WHAT IS BEING ASKED →
Return the full listing word for word, but drop every picture from it.
====== DATA SEGMENT
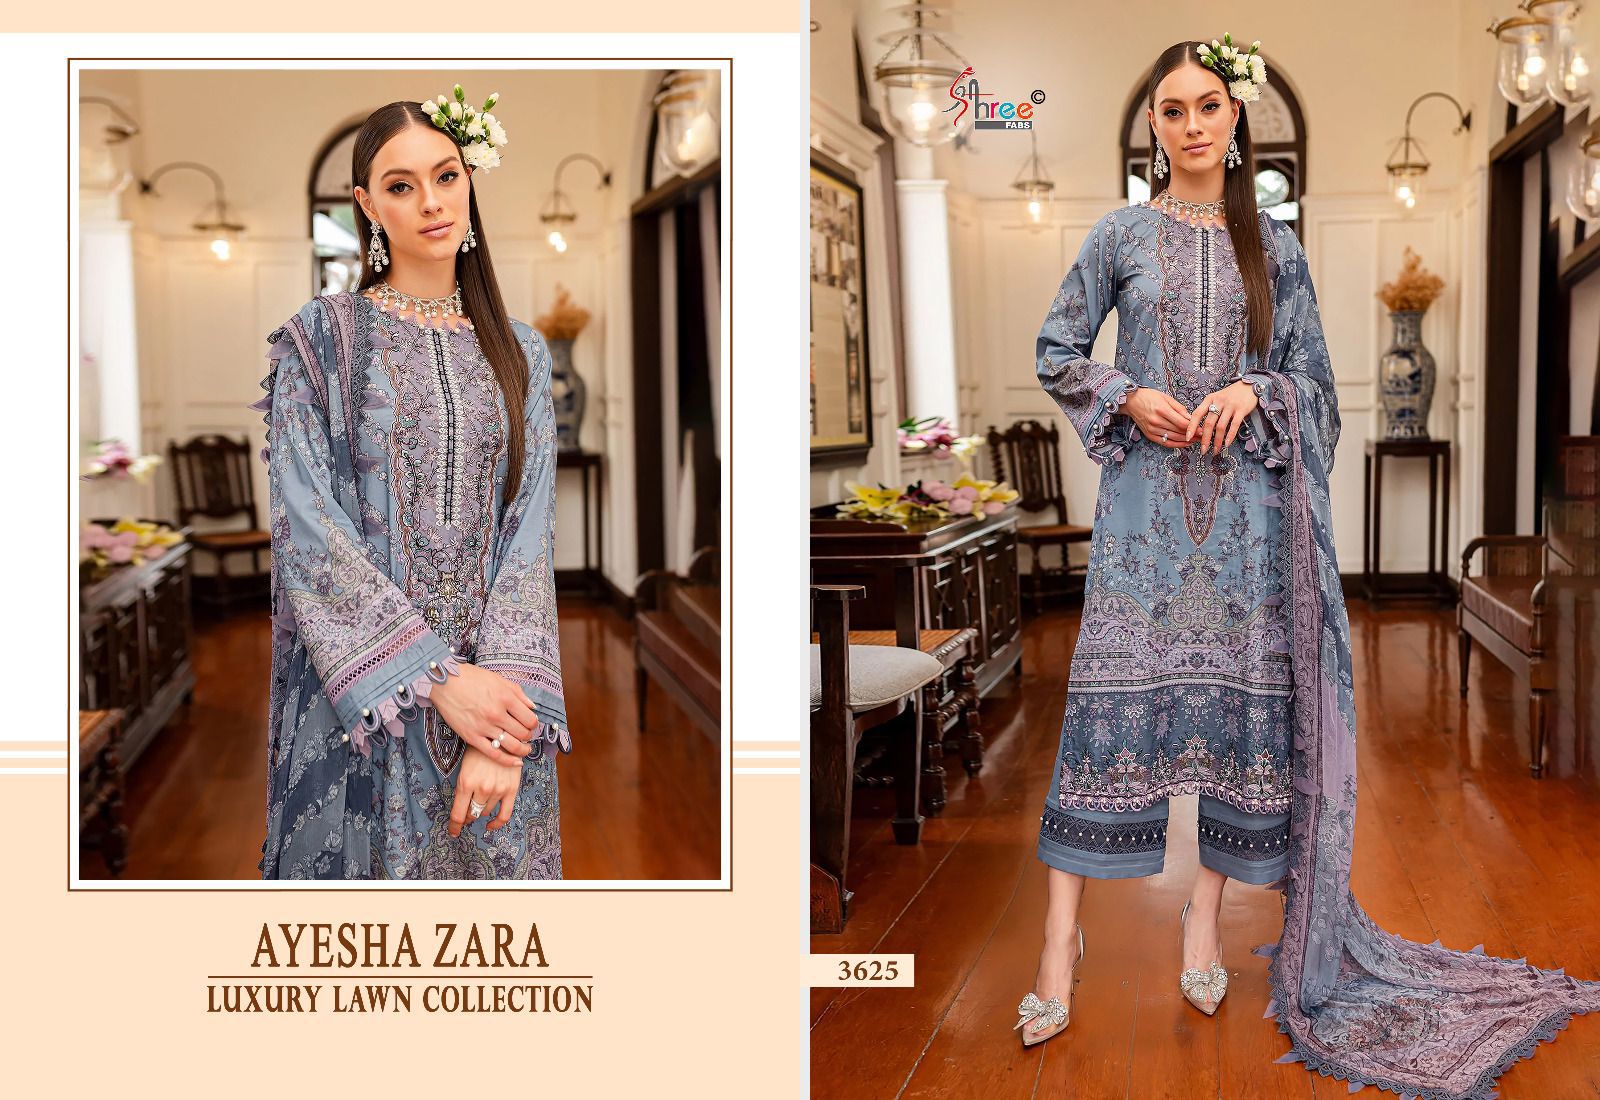 Ayesha Zara Luxury Lawn Collection Shree Fabs Pure Cotton Pakistani Patch Work Suits Exporter India
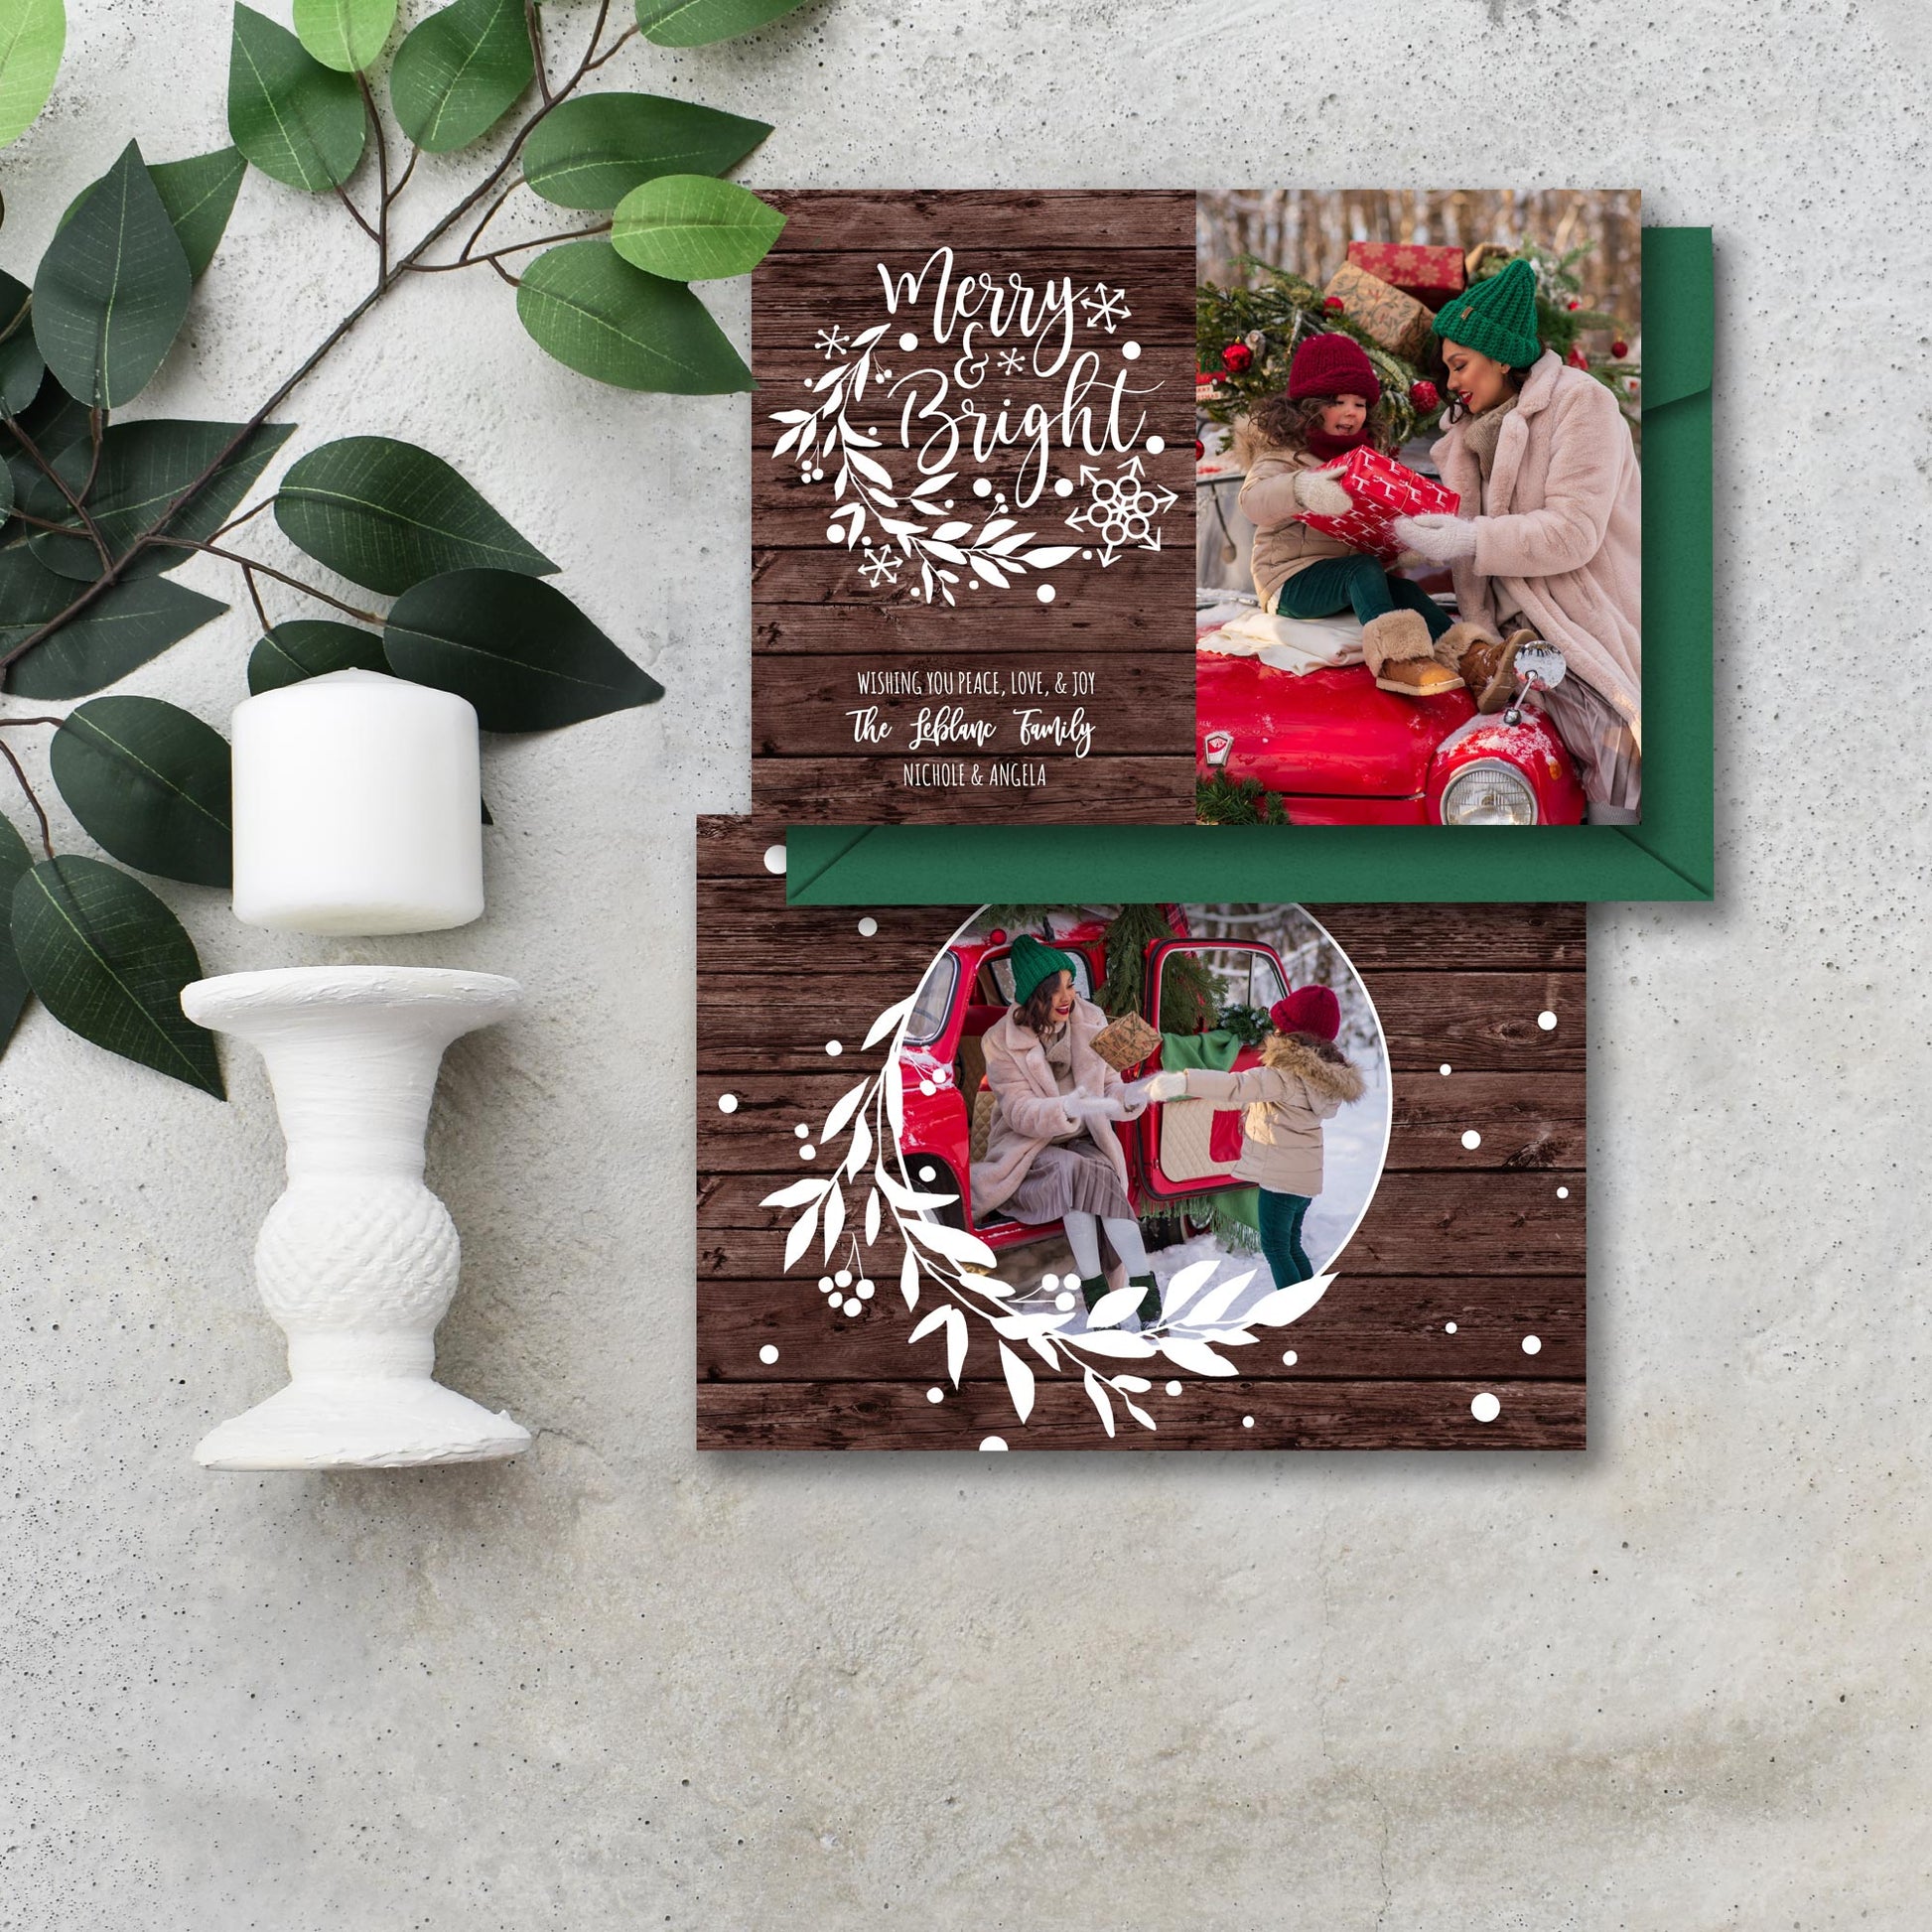 Editable Rustic Merry and Bright Christmas Photo Card Template by Playful Pixie Studio
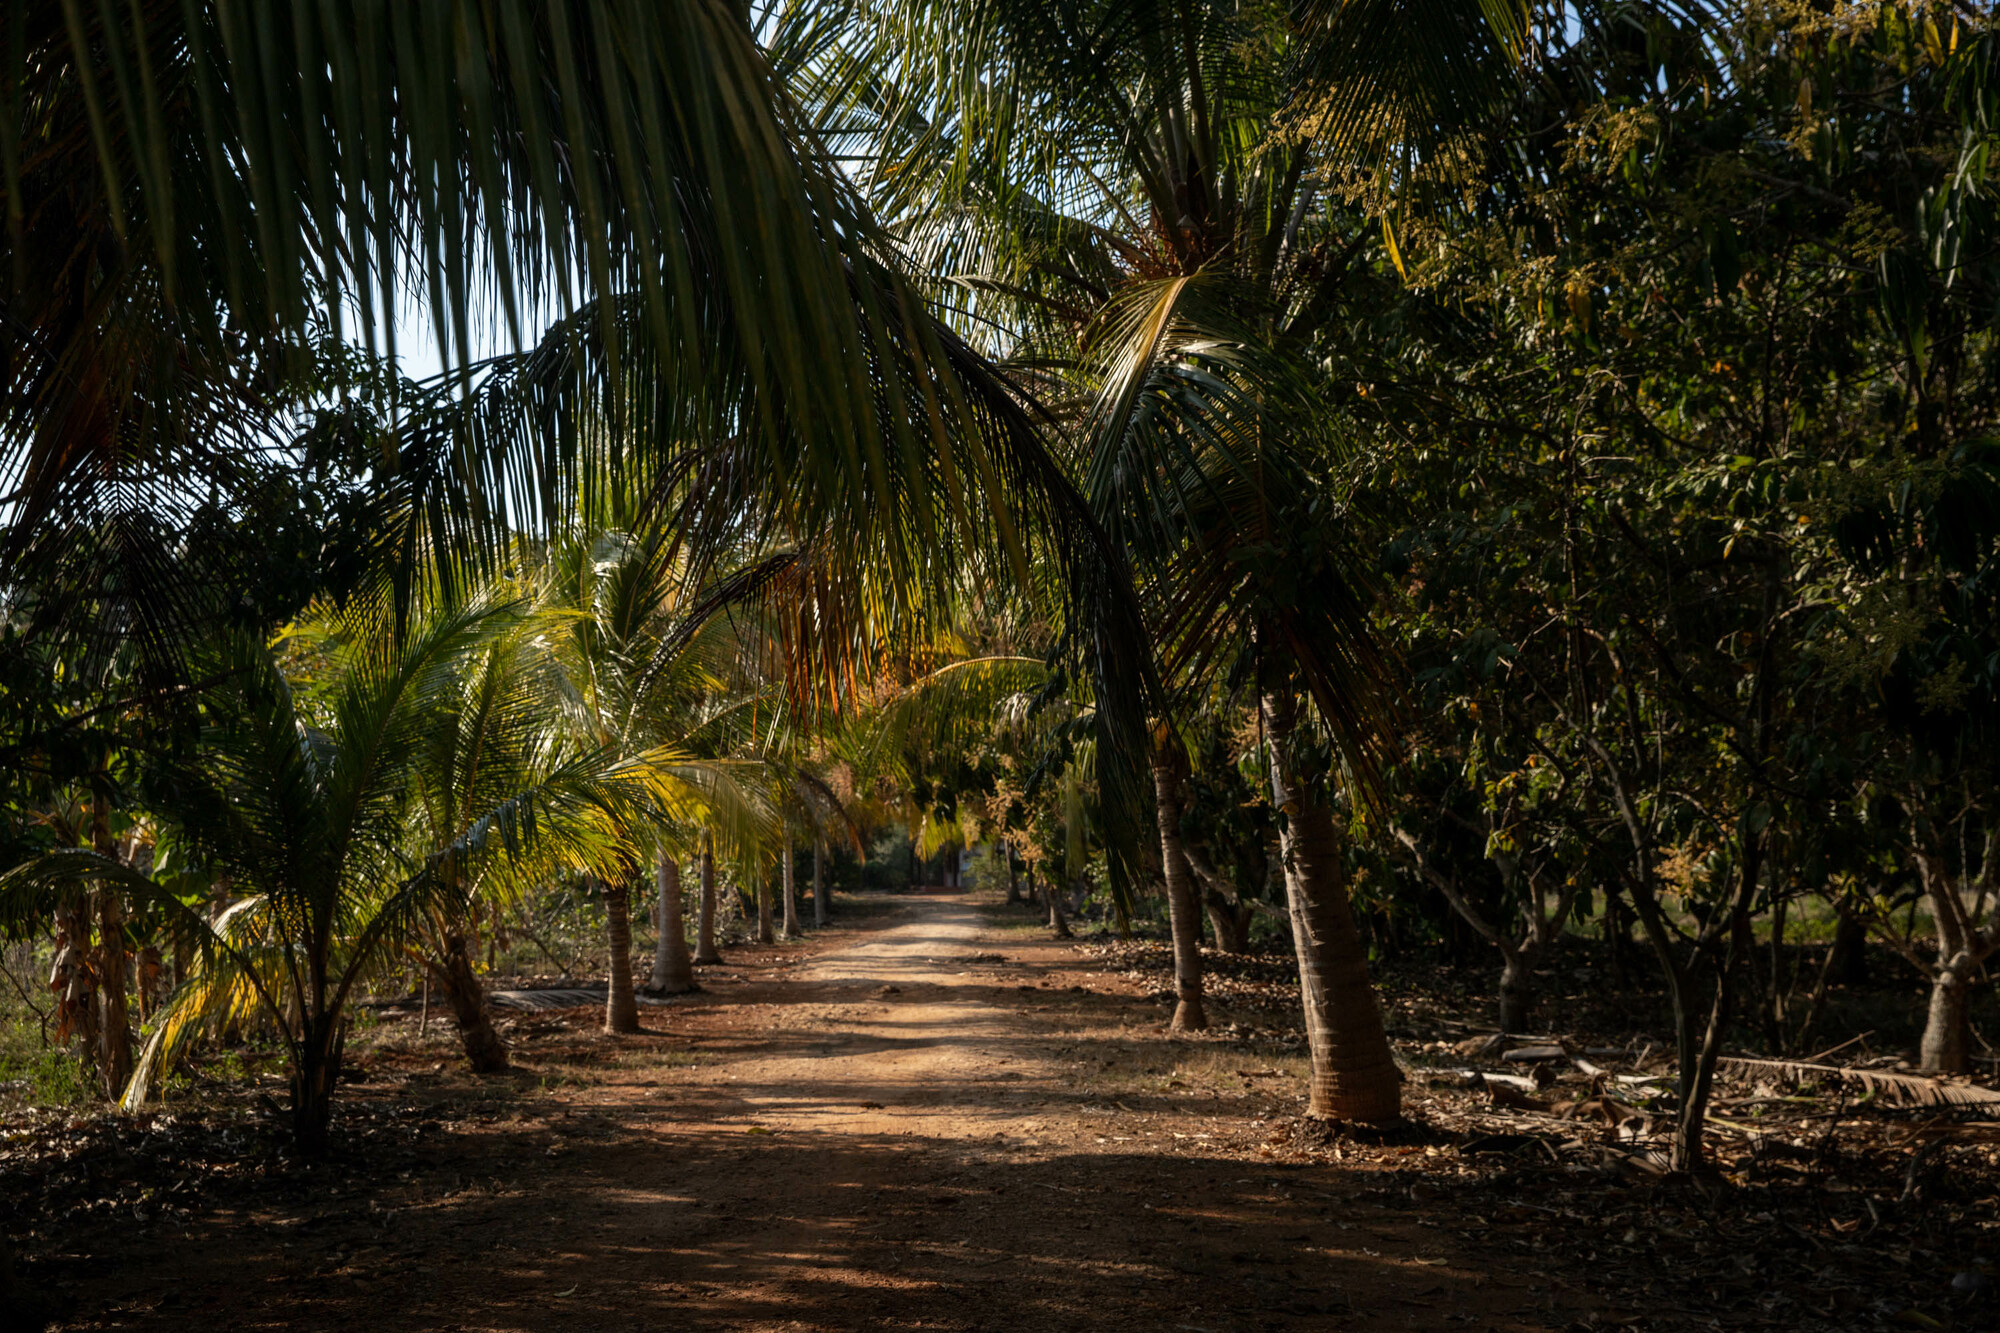 A view of a road surrounded in palm trees
============
SOLUTION TO THIS EXERCISE →
 Ayesha Zara Luxury Lawn Collection Shree Fabs Pure Cotton Pakistani Patch Work Suits Exporter India
 Editable Rustic Merry and Bright Christmas Photo Card Template by Playful Pixie Studio
 A view of a road surrounded in palm trees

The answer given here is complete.